Chronique « Si on me laisse dire », publiée dans le quotidien belge « La Dernière Heure », en marge du procès de Marc Dutroux et consorts, le 25 mars 2004.

Ce qu’on a vu, hier, à Arlon fait peine à voir. Voilà donc que, vingt-quatre heures de « recherches », l’ex-chef d’enquête des volets « enlèvements » de la cellule de Neufchâteau vient de trouver la réponse à une question que lui posaient les avocats de Laetitia. Cette question ne semblait pourtant guère compliquée.

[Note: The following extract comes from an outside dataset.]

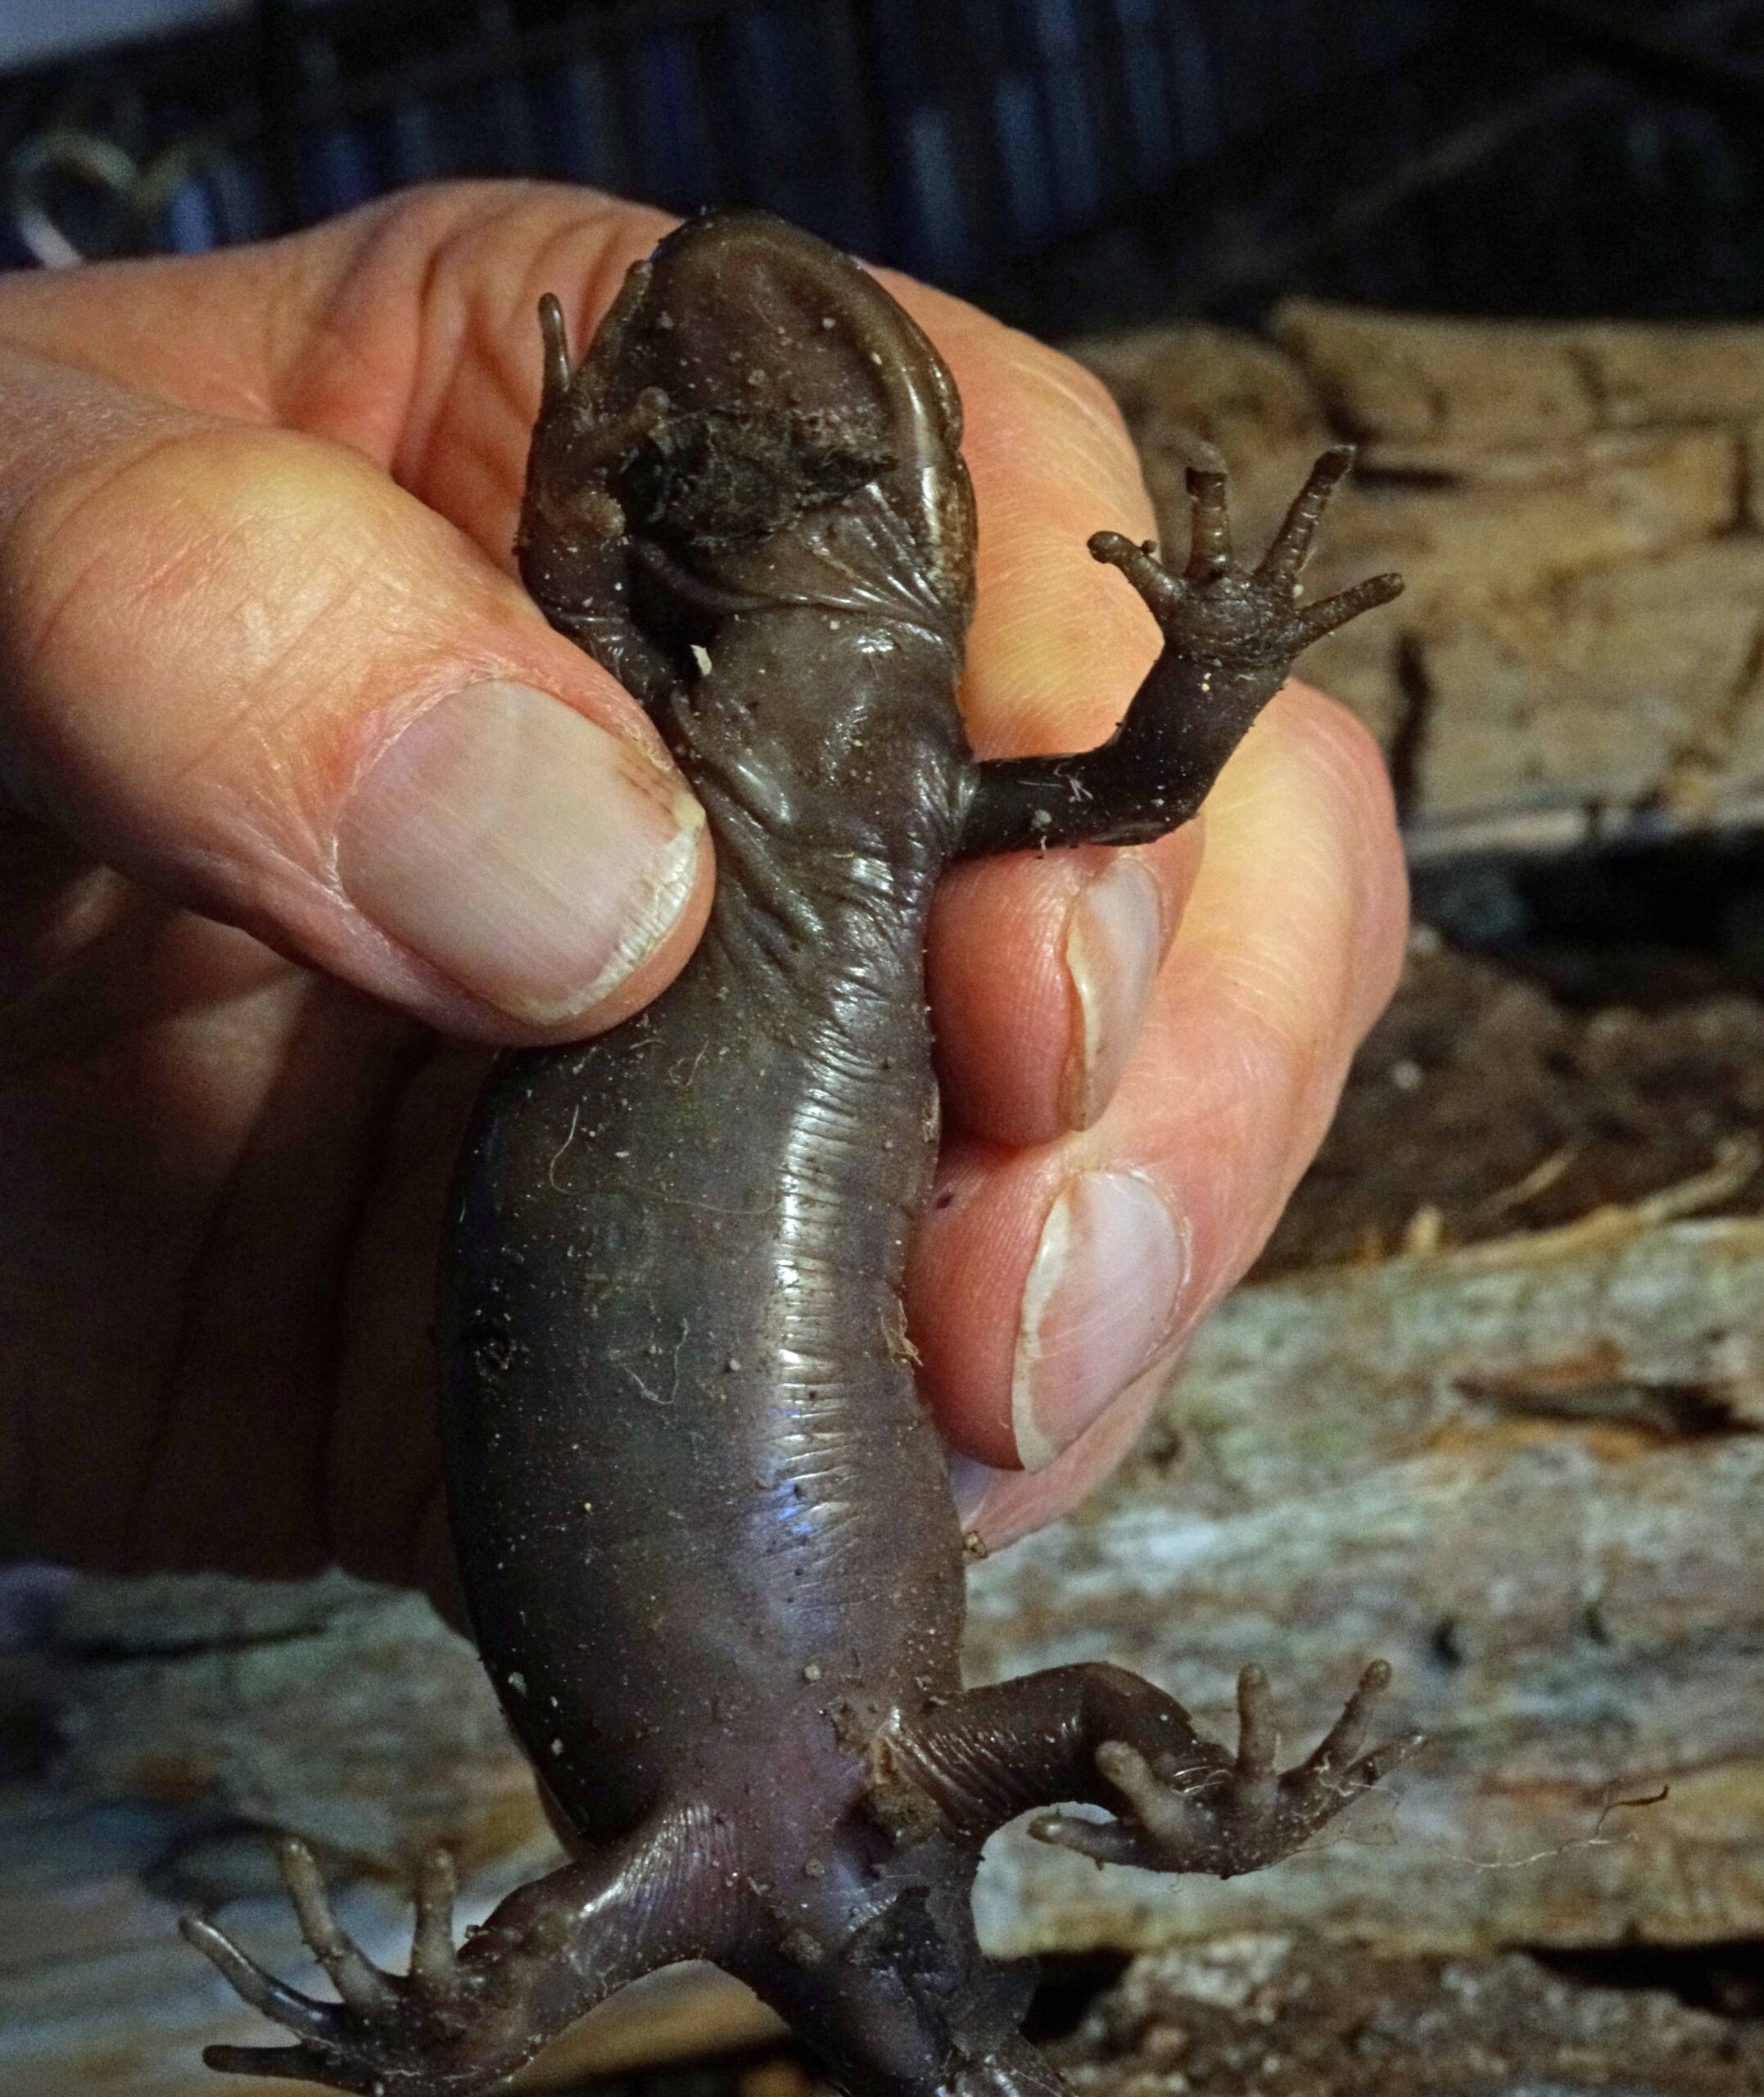 NW Brown Salamander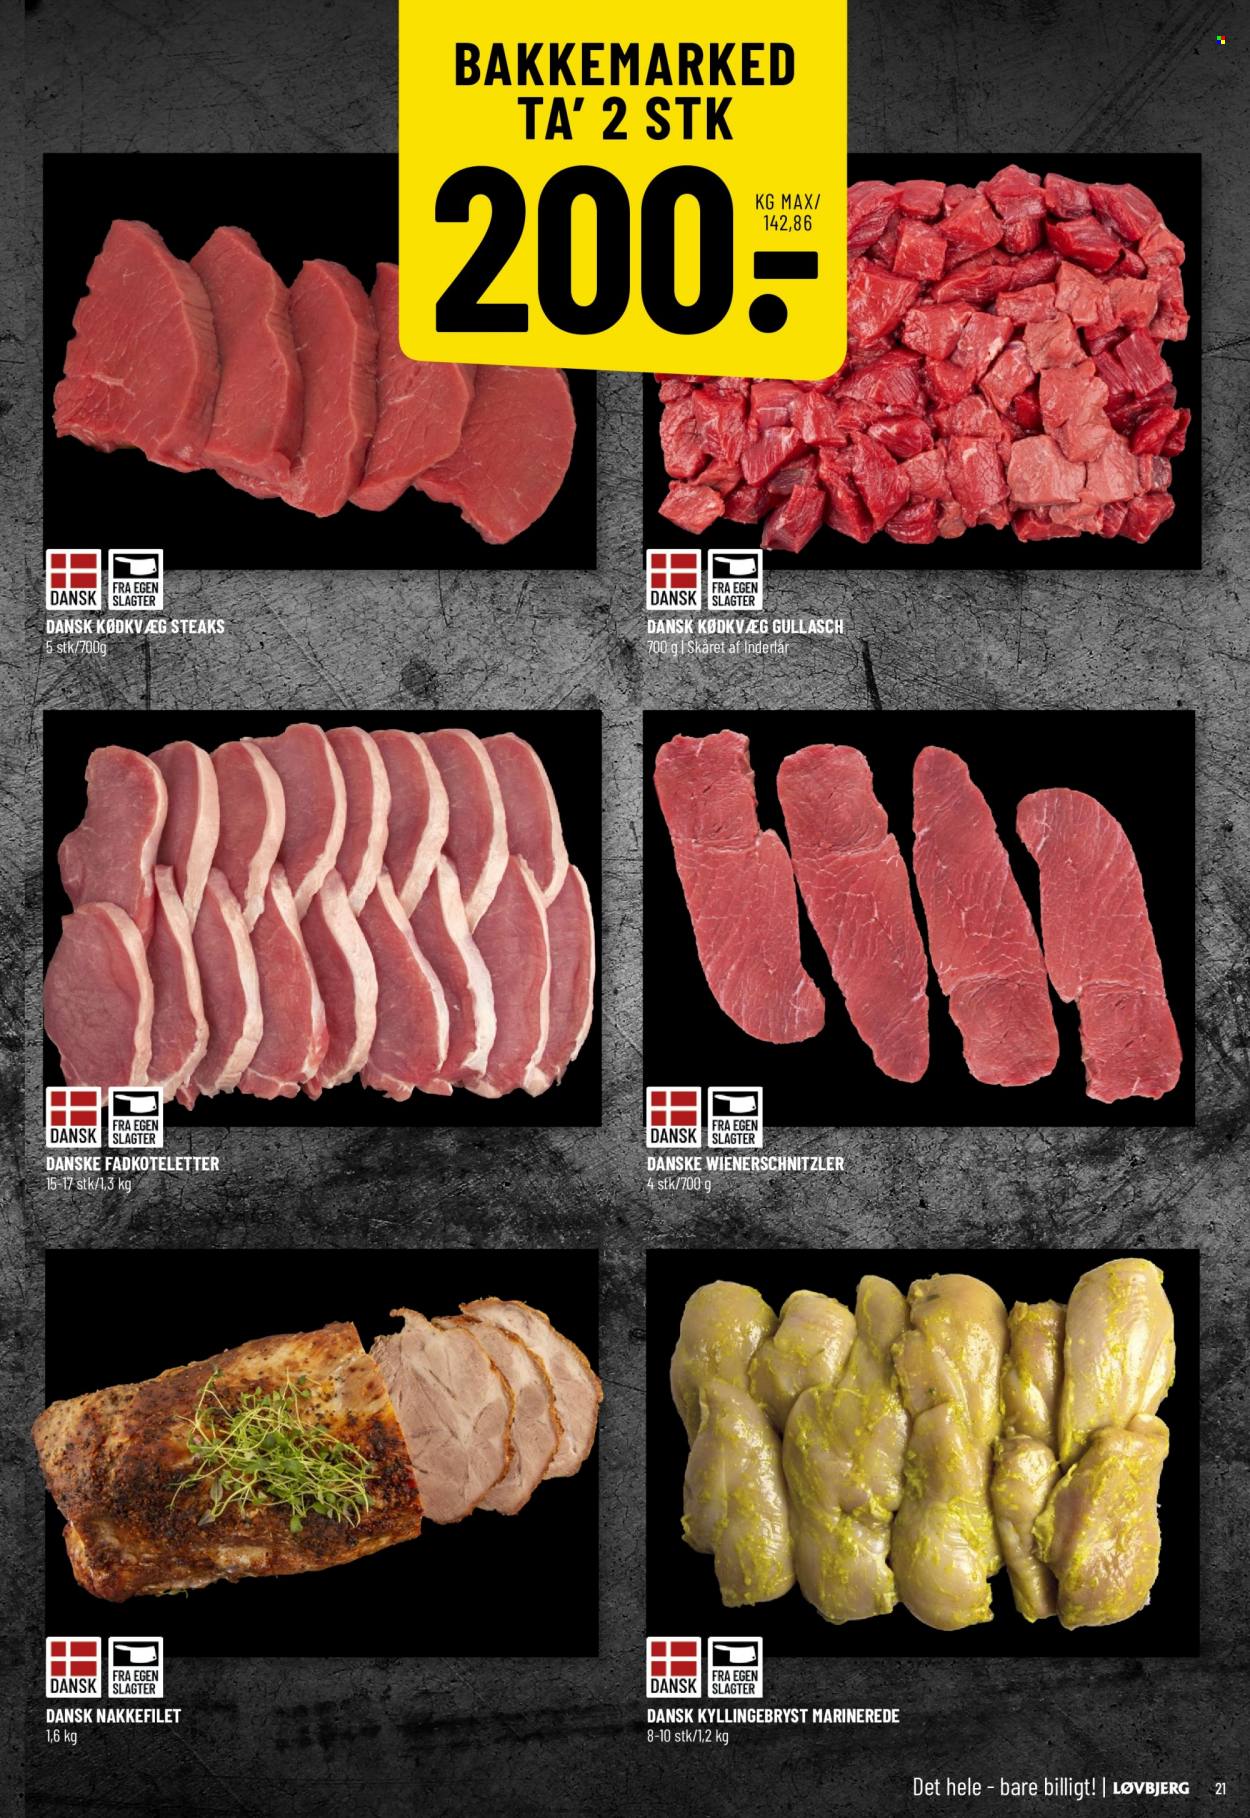 thumbnail - Løvbjerg tilbud  - 3.2.2023 - 9.2.2023 - tilbudsprodukter - koteletter, fadkoteletter, nakkefilet, schnitzel, wienerschnitzler, grisekød, kyllingebryst. Side 21.

Je dirais même qu’elle tombait sous le sens.
Avant de reproduire ici cette question, voyons dans quel contexte elle se situe : Michel Nihoul explique ses contacts de l’été 1996 avec le duo Dutroux-Lelièvre par la circonstance que sa voiture était en panne et qu’il avait confié celle-ci à ses amis carolos pour réparation. Voulant s’enquérir d’abord du moment où l’on viendrait chercher son véhicule à Bruxelles et, ensuite, du moment où il allait le récupérer, Nihoul aurait donc dû téléphoner à de nombreuses reprises à Dutroux et à Lelièvre. Le fait que ces échanges téléphoniques soient concomitants avec l’enlèvement de Laetitia Delhez et un trafic de drogue liant les trois accusés ne serait donc que pure coïncidence. C’est, on le sait, la défense de Nihoul. Cela est aussi l’avis du juge Langlois et de celui qui fut son enquêteur principal, Michel Demoulin.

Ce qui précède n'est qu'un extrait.